**Exercise description**
Without changing a thing, reproduce the entire listing and leave out its pictures.

**Material provided**

____

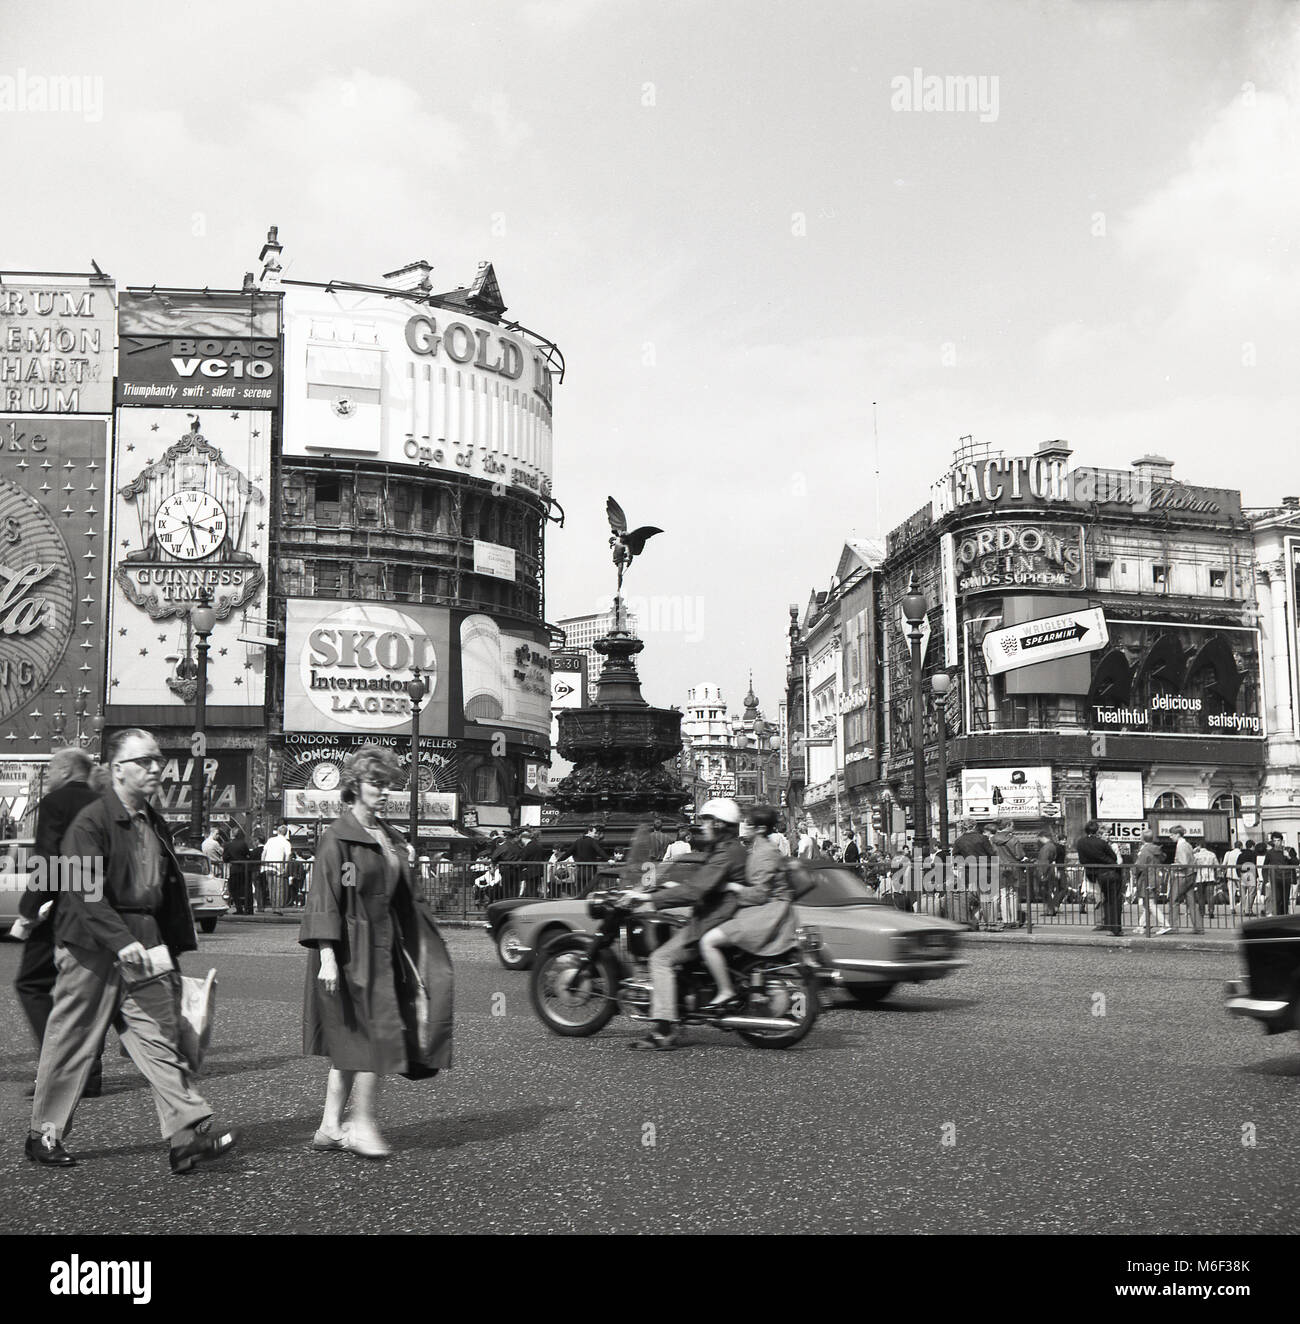 1960, historische Abbildung, die den berühmten Adverising Anschlagtafeln am Kreisverkehr an einer belebten Piccadilly Circus, London, England, mit Motor Verkehr um die shaftsbury Memorial Fountain - häufig, aber fälschlicherweise als Eros bekannt - in der Mitte der Kreuzung. Stockfoto
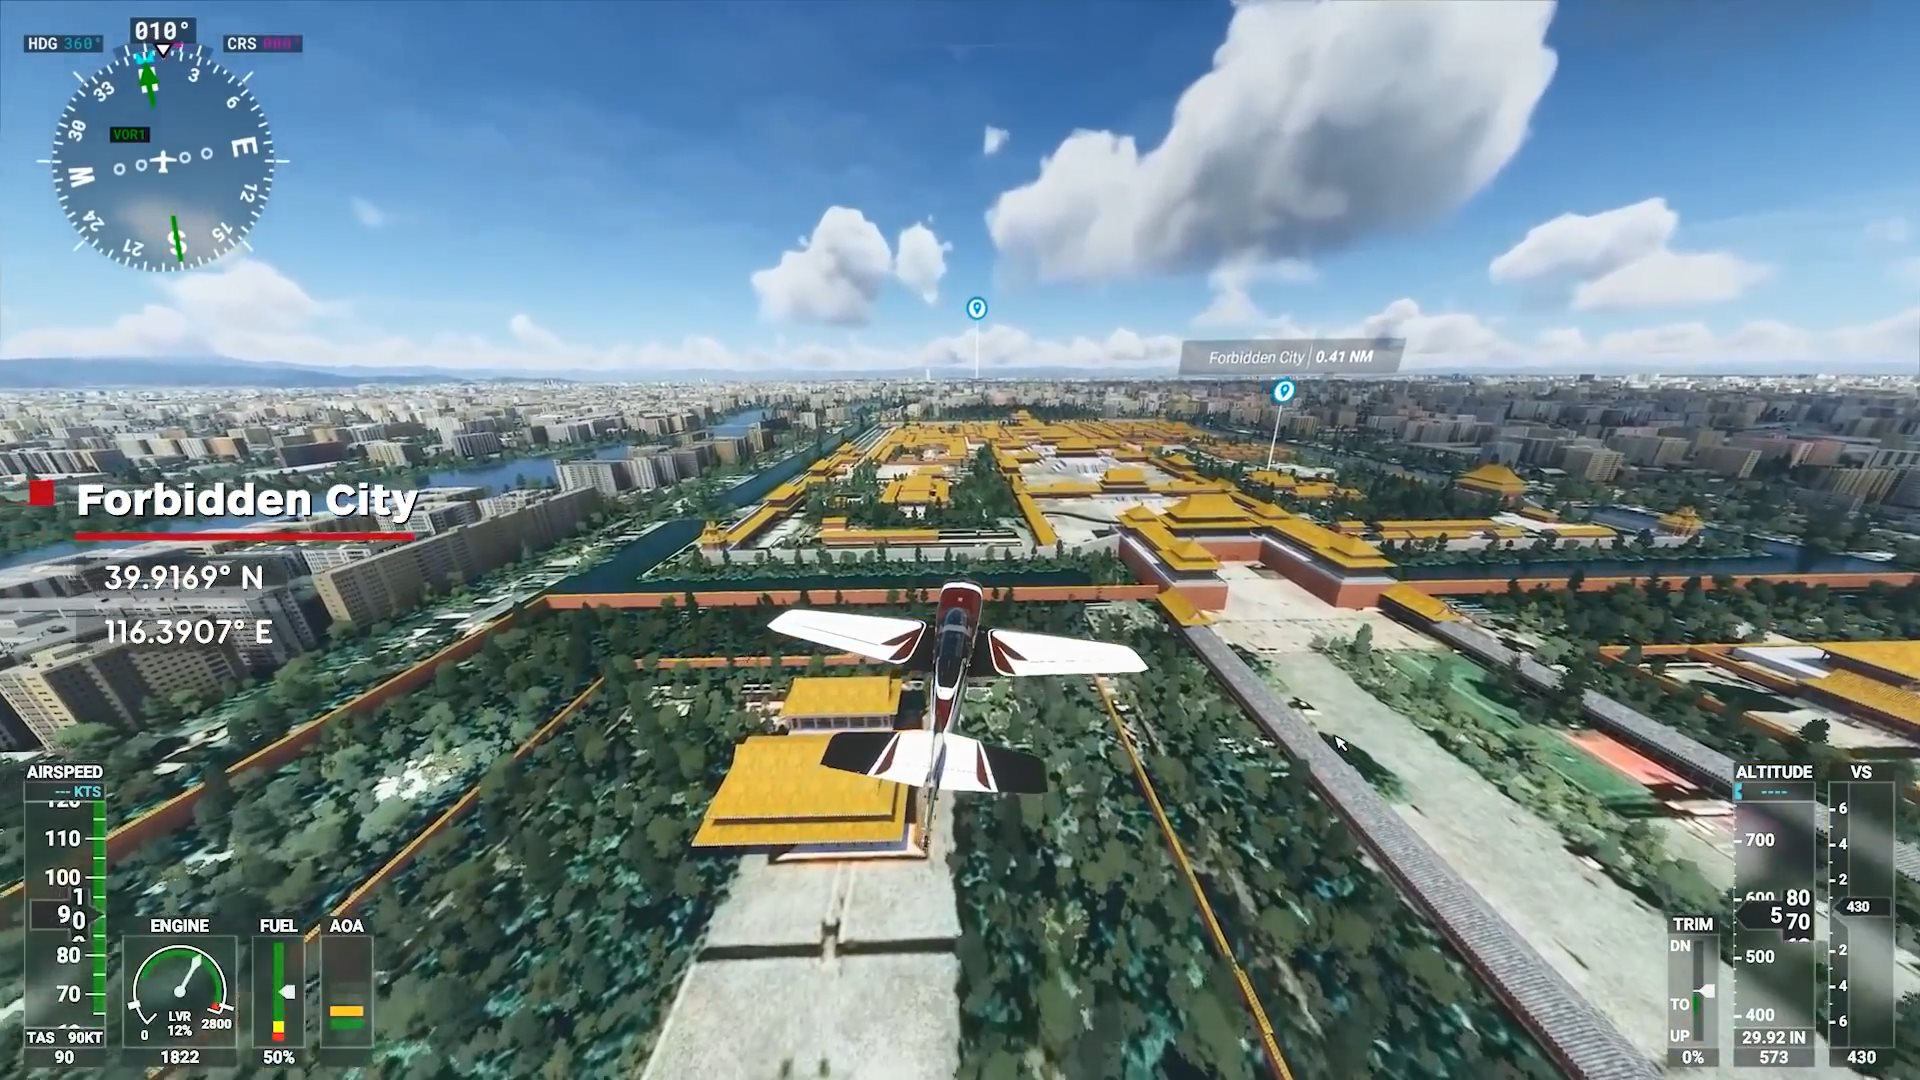 《微軟飛行模擬》實機演示 飽覽全球14個知名地標風景
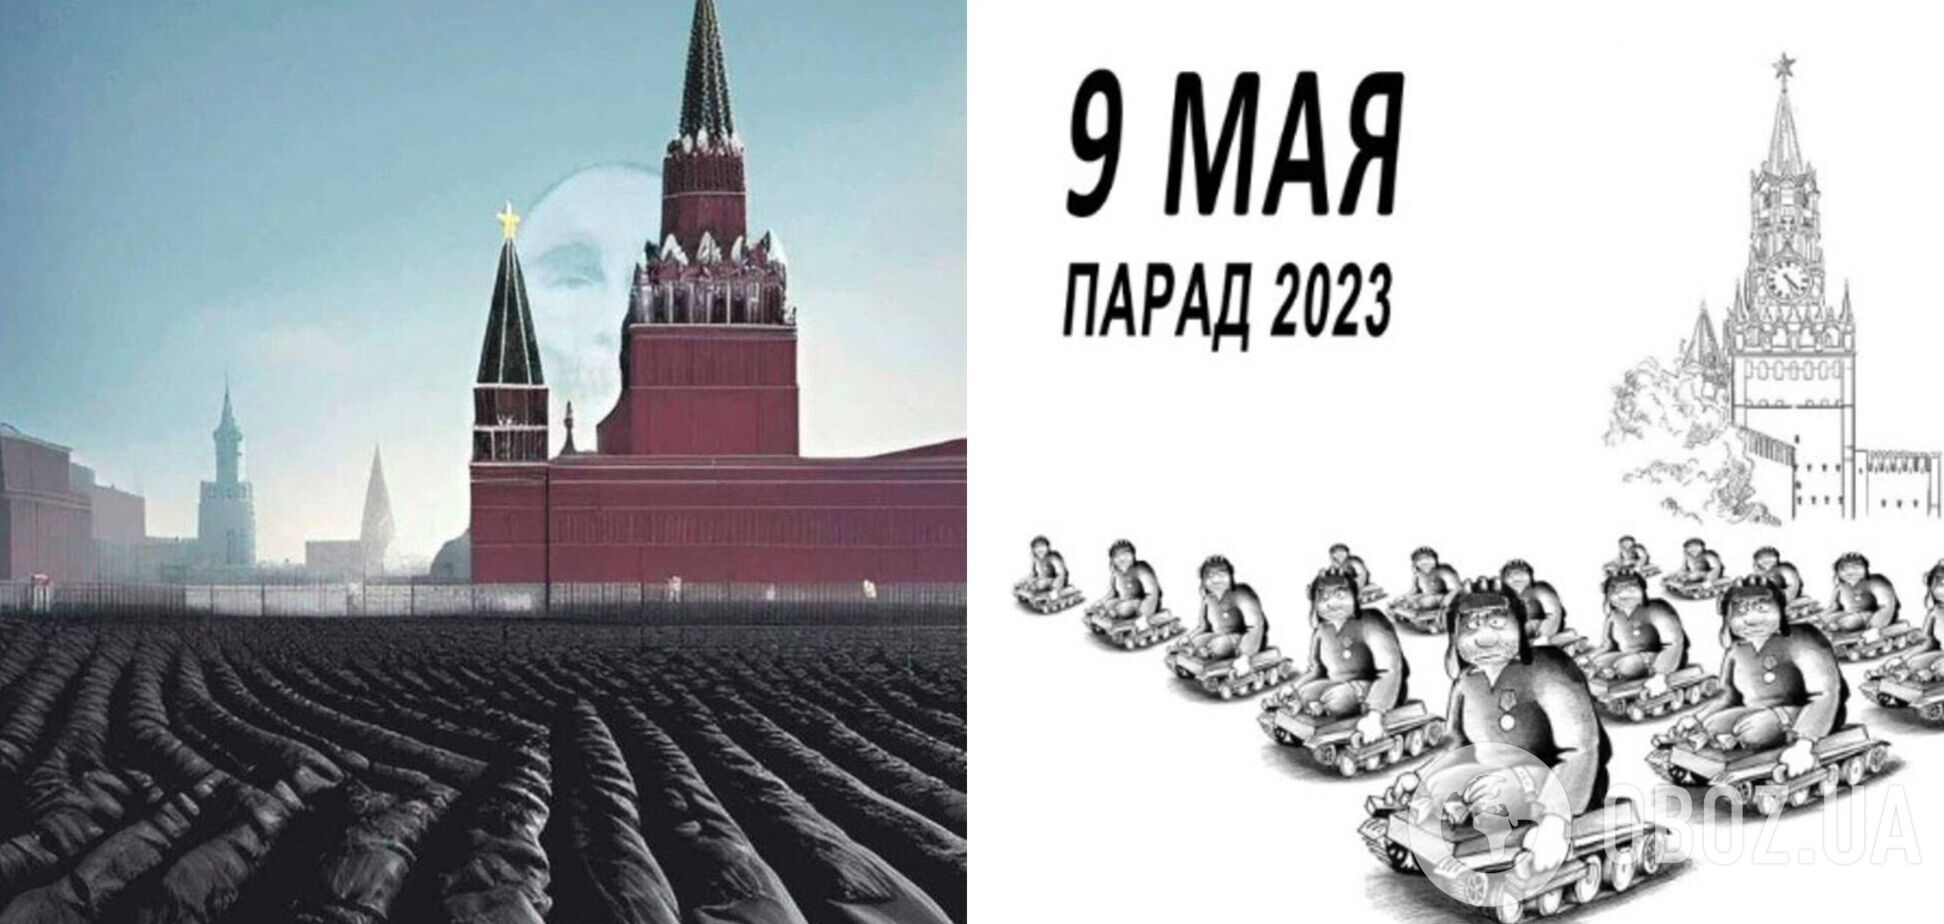 Черные мешки вместо солдат на фоне Кремля: в сети высмеяли 'победобесие' в Москве и показали, каким должен быть парад в РФ на 9 мая. Фото и видео

____

**Response area**
 1960, historische Abbildung, die den berühmten Adverising Anschlagtafeln am Kreisverkehr an einer belebten Piccadilly Circus, London, England, mit Motor Verkehr um die shaftsbury Memorial Fountain - häufig, aber fälschlicherweise als Eros bekannt - in der Mitte der Kreuzung. Stockfoto
 《微軟飛行模擬》實機演示 飽覽全球14個知名地標風景
 Черные мешки вместо солдат на фоне Кремля: в сети высмеяли 'победобесие' в Москве и показали, каким должен быть парад в РФ на 9 мая. Фото и видео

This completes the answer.